Lightning Round

Lightning Round Question 1

A clinical oncologist is investigating the efficacy of a new treatment on reduction in tumour size. She randomly assigns patients to the new treatment or old treatment and compares the mean of the reduction in tumour size between the two groups. She carries out a statistical test and the P-value is 0.001. How many of the following are valid interpretations of the P-value?

I. The probability of observing a difference between the treatment groups as large or larger than she observed if the new treatment has the same efficacy as the old treatment.
II. The probability that the new treatment works the same as the old treatment.
III. The probability that the new treatment, on average, reduces tumour size more than the old treatment.

A. None
B. One
C. Two
D. Three

Answer: B. One

Statement I is true. The P-value is the probability of observing a statistic that is at least as extreme as our test statistic (the observed difference between treatments) if the null hypothesis is true (the two treatments are equally effective).
Statement II is false. The P-value is a probability related to the observed data, and is not the probability of the null hypothesis.
Statement III is false. The P-value can be used to conclude how unlikely the observed data are if the null hypotheis is true. It’s value can not be interpreted in terms of the treatments.

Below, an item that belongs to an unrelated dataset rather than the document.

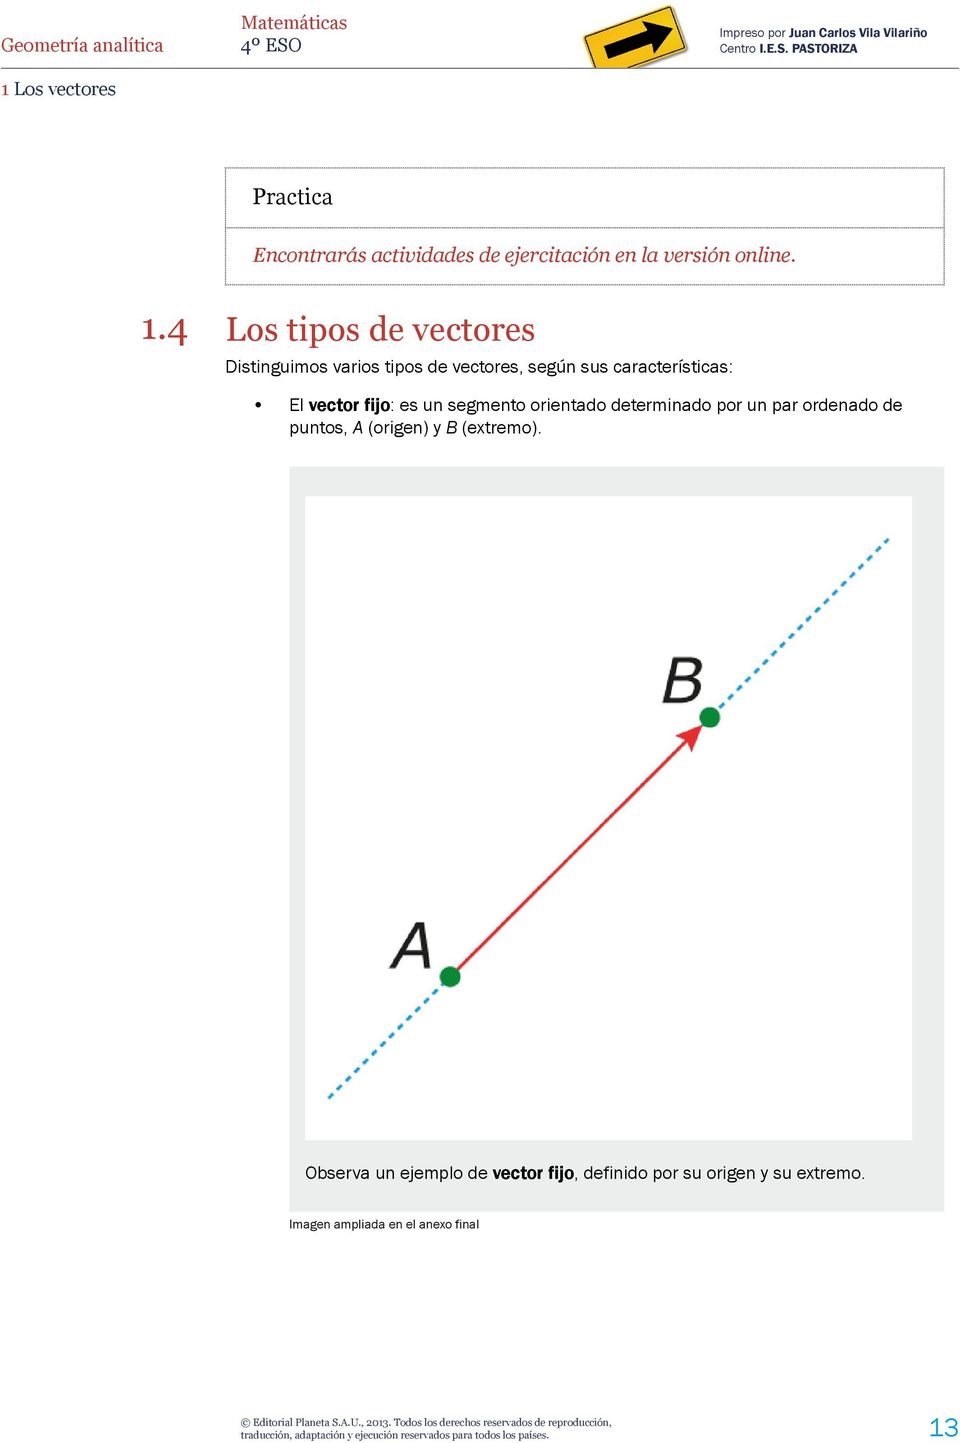 vector fijo: es un segmento orientado determinado por un par ordenado de puntos, A (origen) y B

Lightning Round Question 2

Environmental scientists want to estimate the mean mercury content in ppm of fish in a lake. They collect a random sample of 50 fish from the lake, measure the mercury content of each, calculate the average mercury content for these 50 fish and use the bootstrap to find a 99% confidence interval for the mean. The confidence interval is (0.82, 1.13). How many of the following are valid interpretations of the confidence interval?

I. We are 99% certain that each fish has approximately 0.82 to 1.13 ppm of mercury.
II. We expect 99% of the fish to have between 0.82 and 1.13 ppm of mercury.
III. We would expect about 99% of all possible sample means from this population to be in between 0.82 and 1.13 ppm of mercury.
IV. We are 99% certain that the confidence interval of (0.82, 1.13) includes the true mean of the mercury content of fish in the lake.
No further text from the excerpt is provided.